If you’d prefer to keep things simple, though, feel free to consider me a mindless thug(ette?) who’s at least partly responsible for the downfall of civilization….  Meanwhile I’ll get back to doing what I consider important.

13 comments

  1. Sincerely good retort Rosi, esp the response to Jess ‘The Real Deal’ London :)

    You know I wanted to get the following little comment on the page, but The Times moderation ethic seems to randomly allow some comments and drop’s others.

    This was originally penned by Herbert Spencer:

    “There is a principle which is a bar against all information, which is proof against all arguments and which cannot fail to keep a man in everlasting ignorance – that principle is contempt prior to investigation.”

  2. Nice post.
    I don’t think people realise the sacrifices that we make to study osteopathy ‘part time’, let alone everything else that you do on top of that.

    Keep up with the good work!

  3. Its your life. Mr London may go around being critical all he wants, but its not his life. Who is he to pass judgement on the worth of someone else’s life?

    Learning is never wasted whether you decide to practice some day or not, again its all up to you! Whose to say that your MMA is not an inspiration to many people?

    Very few of us have the kind of courage to get into a cage with someone else who is going to legally try to beat the living hell out of us!MMA has given you courage to do this and the resolve to train.I think you’re a winner!

    Best of Luck!

  4. Hi Rosi,
    It’s odd the way people get caught up in peripheral things rather than try to articulate what really bothers them.

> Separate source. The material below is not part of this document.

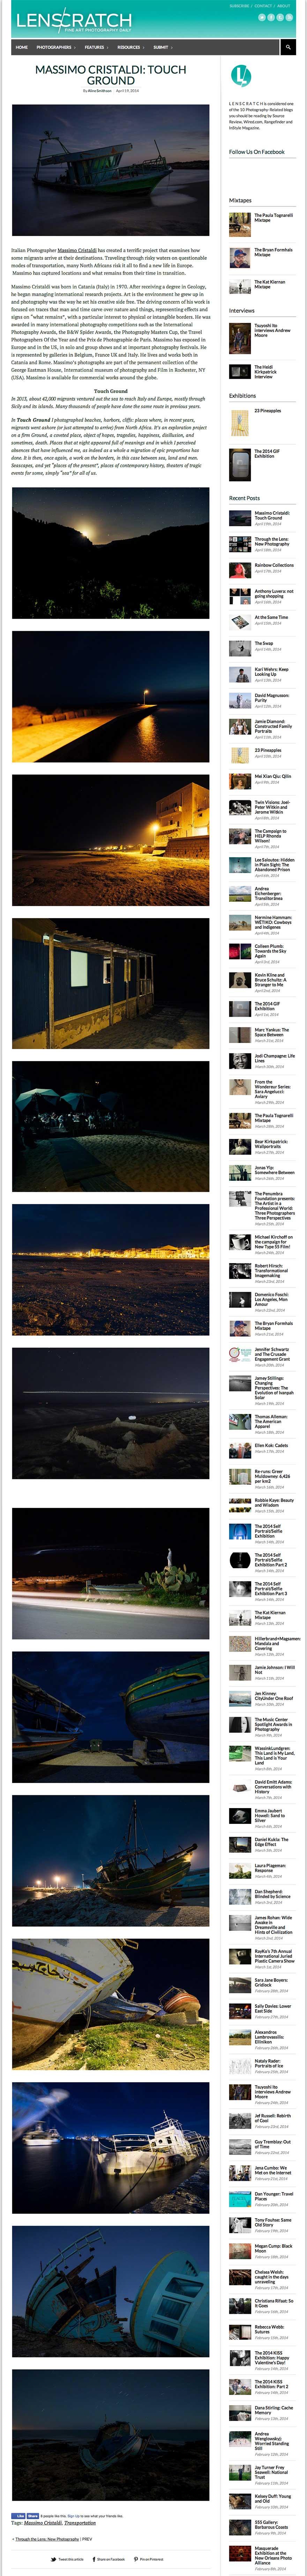 LENSCRATCH-_-Fine-Art-Photography-Daily-Massimo-Cristaldi-Touch-Ground

I mean, the fact that you were a full-time student as a young adult then changed direction and are now studying part-time for the career you want – that is boringly ordinary, loads of people do it, it doesn’t get your name in the papers. Even the fact that MMA is somewhat dangerous isn’t really the point: as you rightly say, lots of things are somewhat dangerous. It’s the fact that it’s violent that gets the visceral reaction – both the positive adrenalin rush, sense of empowerment etc and the negative reactions of people who find it shocking. Both reactions equally strong and difficult to rationalise. That’s what all the fuss is about, even if it’s expressed as criticism of other aspects of your lifestyle. Want me to count up how many of my friends have a doctorate they’re not using? No, thought not.
    All best wishes.
    Anne.

  5. Wow, Rosi I love this response! A very well crafted, sincere reply. You don’t leave any room for argument. Brilliant. You are an inspiration as a fighter, academic and person.

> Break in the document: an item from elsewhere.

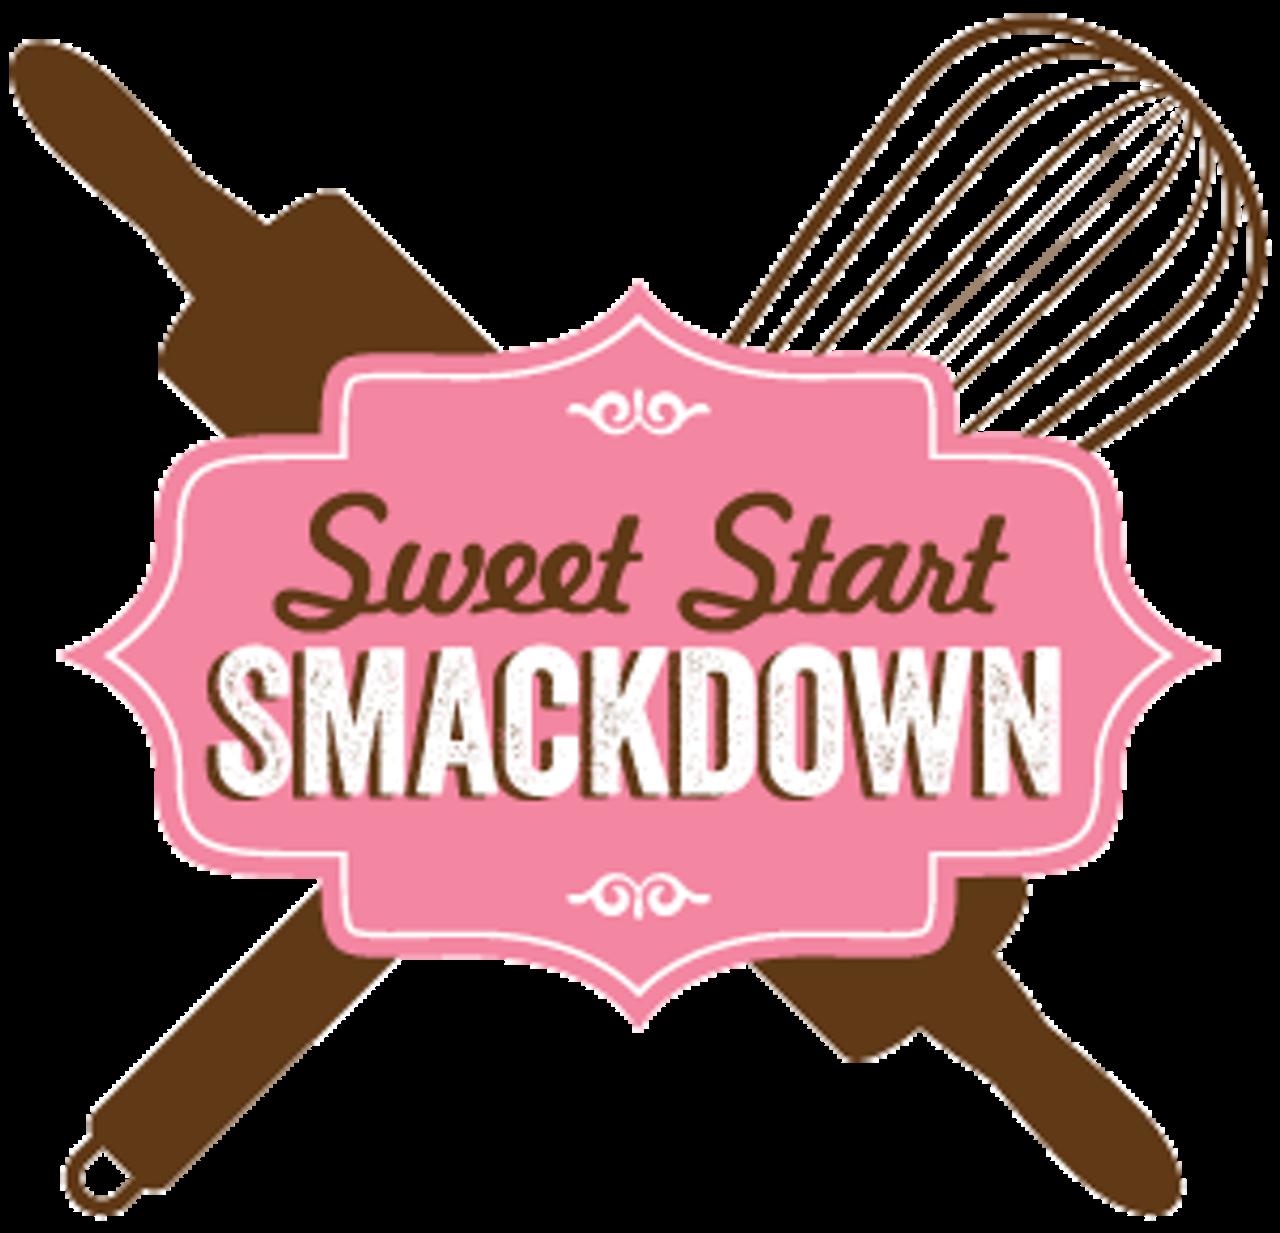 Clipart restaurant pastry chef. Sweet start smackdown vermont

  6. Hi Rosi. That comment stood out to me too when I read your article. I wasn’t sure why the reader took issue. Is university free in England? If so, I suppose he was suggesting that you’ve leeched on a socially funded institution? Well nonsense. Just pack your bags and move to America. We would be lucky to have you (after you finish your latest degree. :)

  7. Glad you’re getting a lot more publicity, but I really wish the papers would use a less sneery tone when discussing the sport! MMA (BJJ in particular) has changed my life for the better.

  8. Don’t worry about it Rosi, these people make their shallow lives seem more interesting and important by writing in to newspapers regularly and voicing their ‘opinions’. I have 3 degrees myself and If I could I’d study for all eternity. Follow your heart, not public opinion ;)

  9. It’s funny but you just don’t see randoms making judgemental comments in relation to the male fighters..ultimately, no doubt that ejit would have something to say regardless of your career path to date. I’m a mother, a successful professional, a graduate, and someone who loves this sport and who is committed to excelling at it. It seems that multi faceted nature of women such as us leaves certain men, whose lives, characters and personalities are entirely one dimensional feeling entirely inadequate.
    You are an inspiration Rosie and it’s a privilege to watch such an outstanding athlete in action.